Humboldt, Worldview and Language (Hardcover)
by Dr James W. Underhill (Author)
Hardcover: 160 pages
Publisher: Edinburgh University Press (23 May 2009)
Language English
ISBN-10: 0748638423
ISBN-13: 978-0748638420
£ 47.50
http://www.amazon.co.uk/Humboldt-Worldview-Language-James-Underhill/dp/0748638423
Humboldt is a thinker who has fascinated philosophers such as Heidegger and Wittgenstein and linguists like Chomsky. But his work has always been considered extremely profound and complicated. Though readers recognise the penetrating and thought-provoking nature of his thought, his ideas have often been misconstrued.

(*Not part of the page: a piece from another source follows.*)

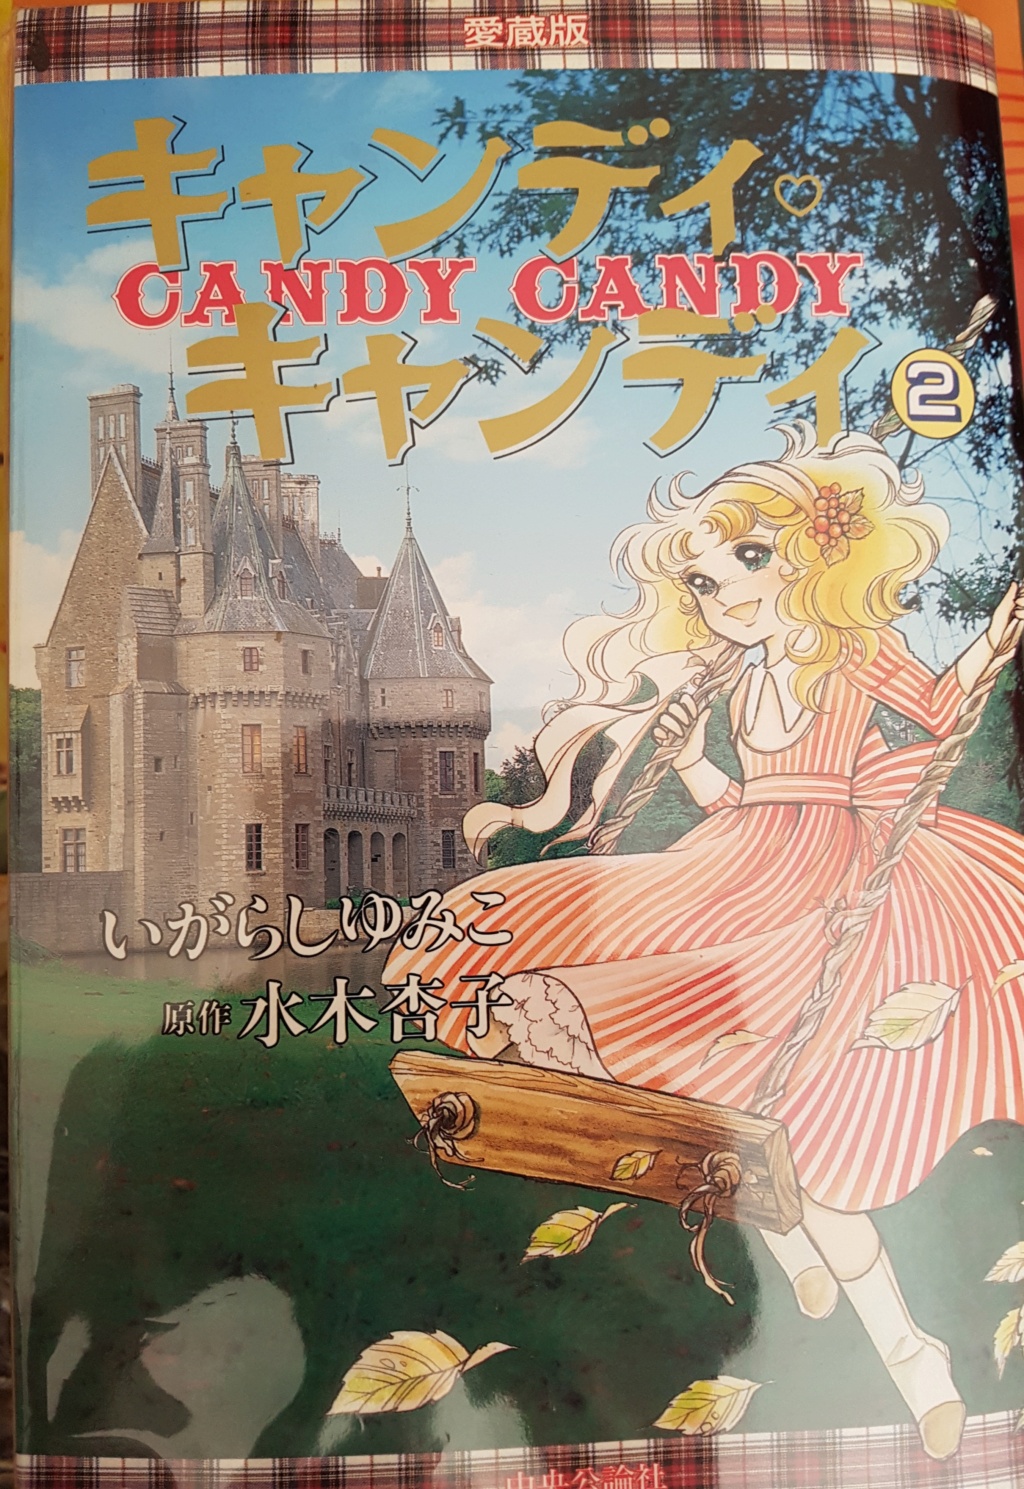 candy - Candy Candy Manga Japonais  20210524
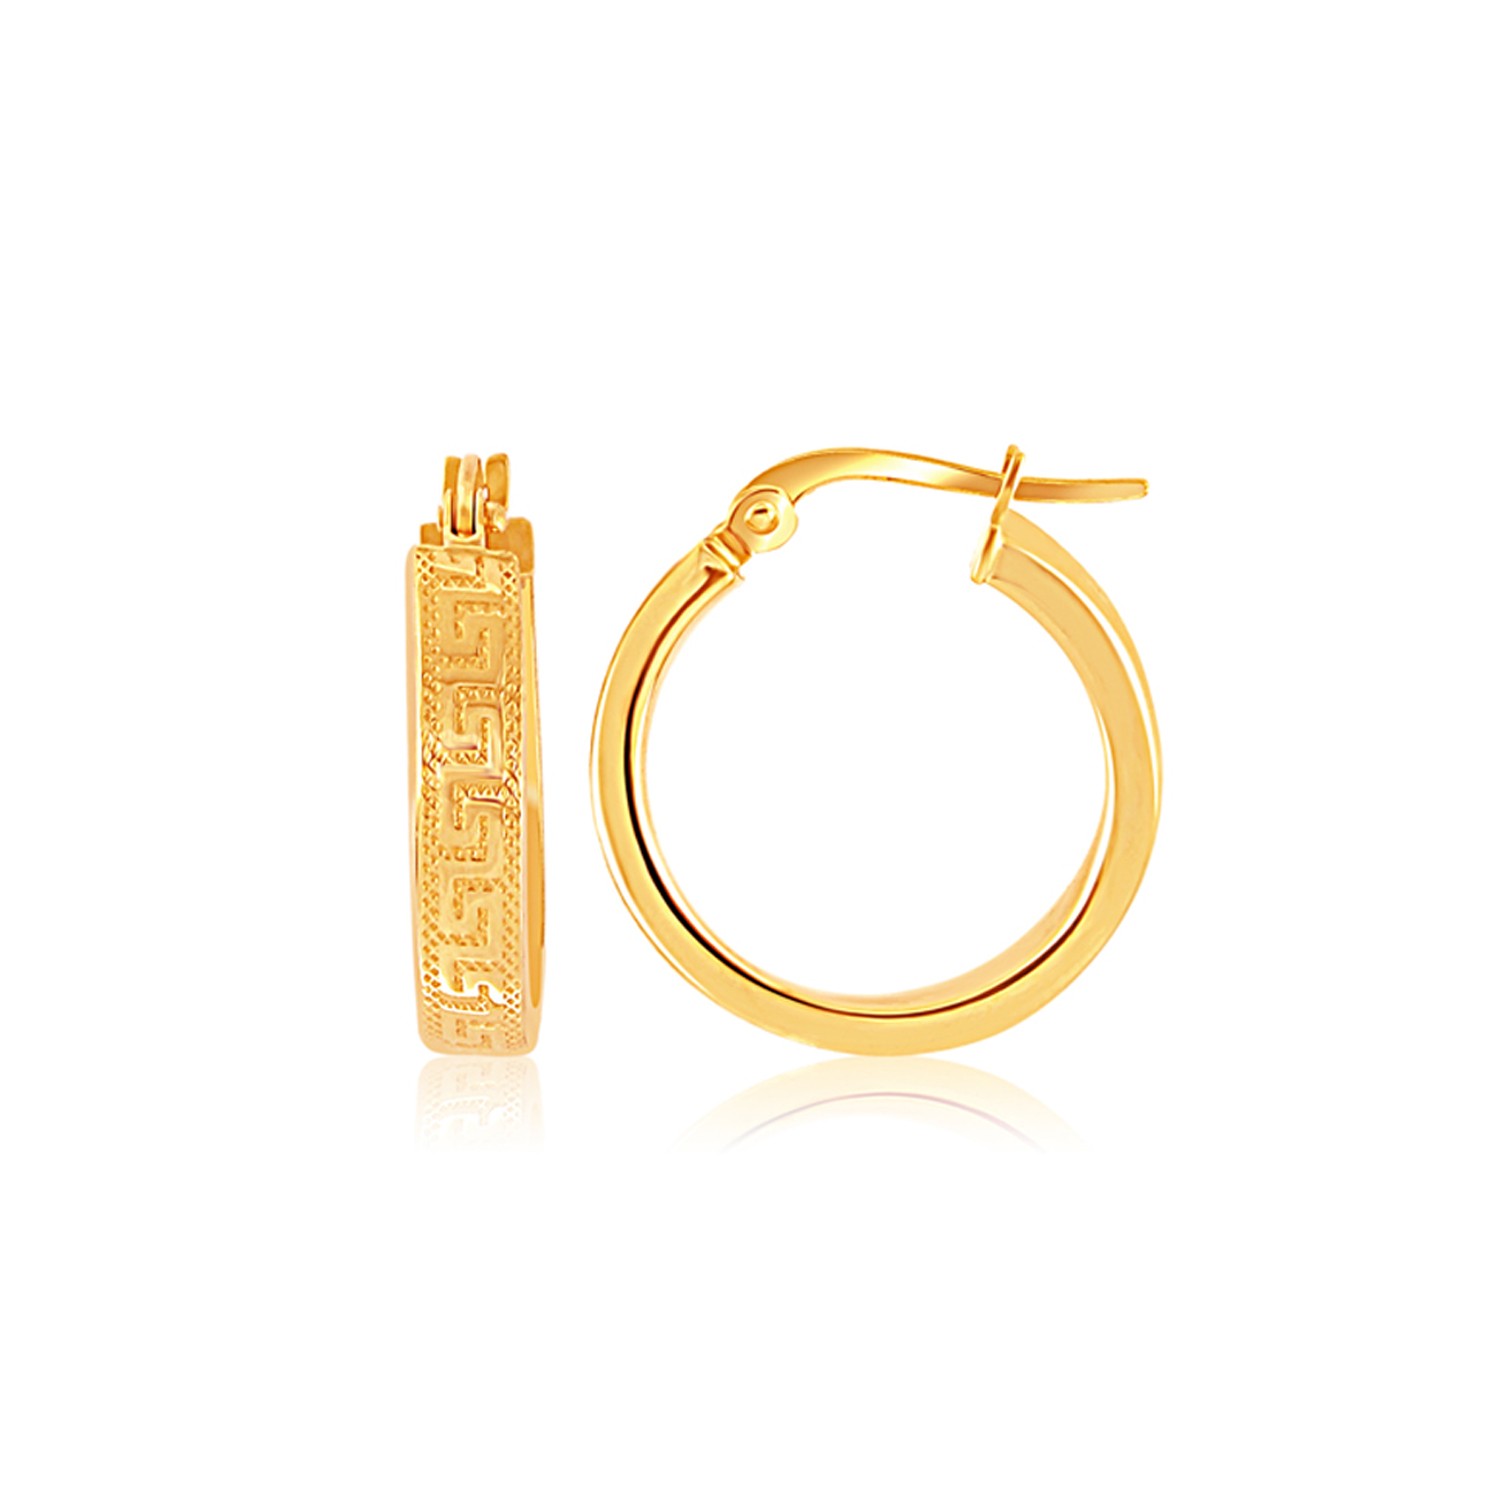 Greek Key Small Hoop Earrings in 14K Yellow Gold - Richard Cannon Jewelry

This short book aims to clearly set out the essential ideas of Humboldt, and stress his importance for debates on worldview today at a time in which languages are disappearing at an alarming rate. This book takes up the challenge to build bridges between philosophy and linguistics. It should thereby enable us reflect upon language: what language means for us and what it allows us to do as we create our own worlds within the scope of each linguistic system.
Review
James Underhill shows a great mastery concerning the general theory of language. It is extremely rare to find nowadays any thinker, either in linguistics or philosophy, whose thought continues the way Humboldt linked the word and the world. --Henri Meschonnic, Paris VIII University
Book Description
With the loss of many of the world's languages, it is important to question what will be lost to humanity with their demise. It is frequently argued that a language engenders a 'worldview', but what do we mean by this term? Attributed to German politician and philologist Wilhelm von Humboldt (1767-1835), the term has since been adopted by numerous linguists. Within specialist circles it has become associated with what is known as the Sapir-Whorf hypothesis which suggests that the nature of a language influences the thought of its speakers and that different language patterns yield different patterns of thought. Underhill's concise and rigorously researched book clarifies the main ideas and proposals of Humboldt's linguistic philosophy and demonstrates the way his ideas can be adopted and adapted by thinkers and linguists today. A detailed glossary of terms is provided in order to clarify key concepts and to translate the German terms used by Humboldt.